The Government Accountability Office (GAO) has issued its report on home oxygen payments, “Medicare Home Oxygen: Refining Payment Methodology Has Potential to Lower Program and Beneficiary Spending,” which calls for stiff cuts to oxygen payment rates.
“Congress should consider reducing home oxygen payment rates,” the report states. “GAO recommends that CMS remove payment for portable oxygen refills from the payment for stationary equipment. The Department of Health and Human Services (HHS) commented that payments for home oxygen are ‘excessive’ but disagreed with the recommendation because HHS believed it would not yield immediate savings. GAO’s recommendation was not intended to generate savings but to help ensure beneficiary access to oxygen.”
The full report can be downloaded as a PDF at http://www.gao.gov/new.items/d1156.pdf.
Other findings from the report:
- An earlier draft of the GAO’s report included a recommendation to eliminate the oxygen rental cap, but this recommendation was excluded from the final report after CMS weighed in and said that the cap was not creating access to care issues.
- Fewer than 2 percent of beneficiaries relocate to a different service area in the months prior to the 36-month rental cap.
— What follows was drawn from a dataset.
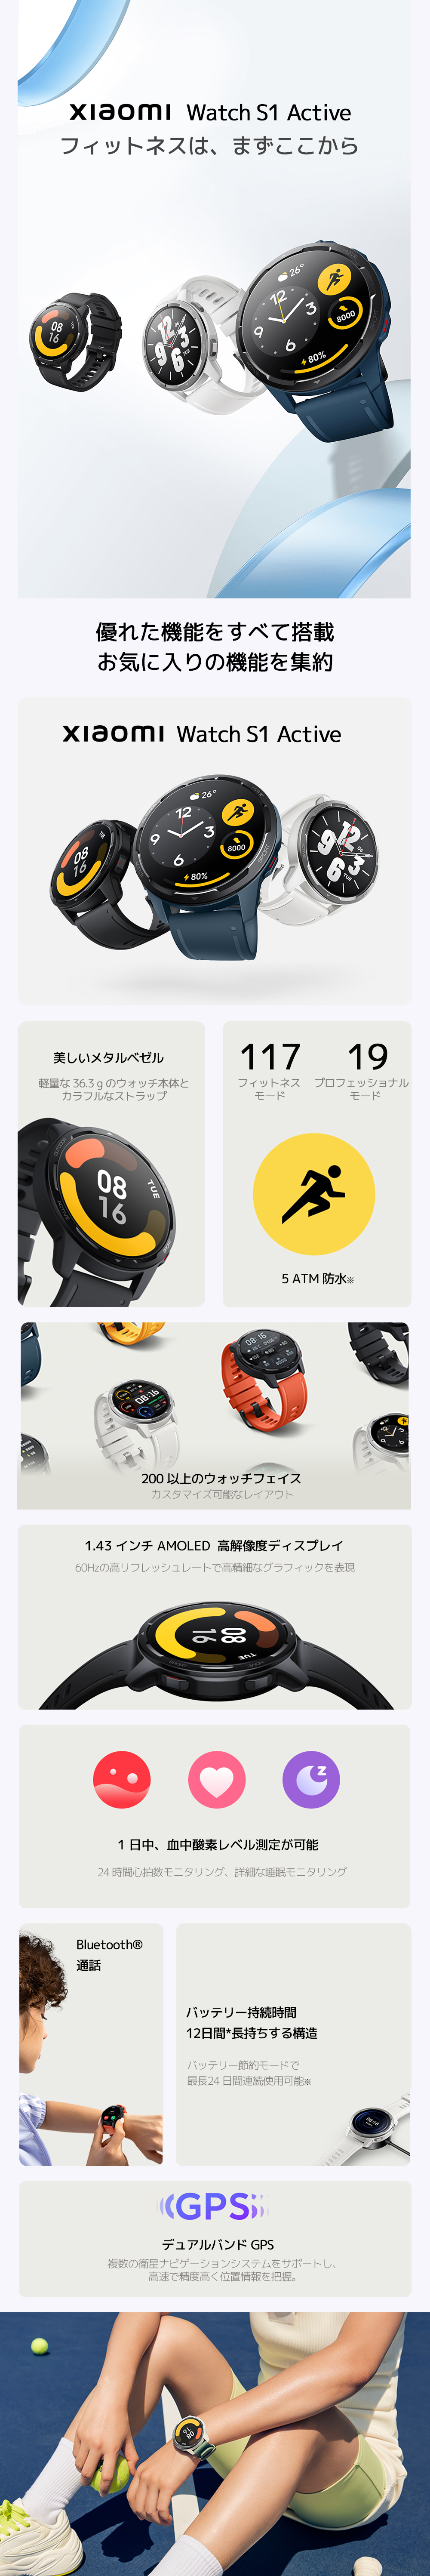 海外限定 Xiaomi Watch S1 Active 日本語版 スマートウォッチ LINE 通話機能 血中酸素 睡眠追跡 5ATM防水 衛星測位  マイク スピーカー 1.43インチ 470mAh 最大24日連続使用 マグネット充電 ビジネス メーカー1年保証 プレゼント ギフト

However, the report notes that the analysis does not factor in the beneficiaries who temporarily relocate such as “snowbirds” who spend winters in Southern states.
- In 2009, the 1-800-MEDICARE telephone line received only 20 inquiries from beneficiaries who had trouble finding an HME provider, and CMS said that caseworkers were able to find new providers for the patients in a matter of days.
- The GAO disagreed with HHS’s recommendation to remove portable refills from the stationary payment rate, arguing that oxygen expenditures would not change as a result and bidding savings would likely be delayed.
- Medicare would have saved over $600 million annually if they had used the lowest private insurer payments rates.
- Medicare would have saved over $700 million annually if Medicare had used the VA program’s payment methodology.
The American Association called the report’s findings and methodology into question and said that it was formulating a rebuttal to be made to Congress.
“AAHomecare strongly disputes a number of flawed comparisons made in the report as well as the conclusion reached by GAO, and the Association will issue a rebuttal to the agency which we will share with Congress,” a statement from the association read. “The GAO based its recommendation on comparing Medicare payment rates for oxygen therapy to eight private insurers along with reimbursement rates gleaned from the Veterans Affairs Department (VA) and the flawed Medicare bidding program. Interestingly, of those eight private payors, only one insurer caps monthly oxygen payments.
“The study is disappointing and the Association will make sure that policymakers get the whole story with respect to oxygen therapy,” the association added.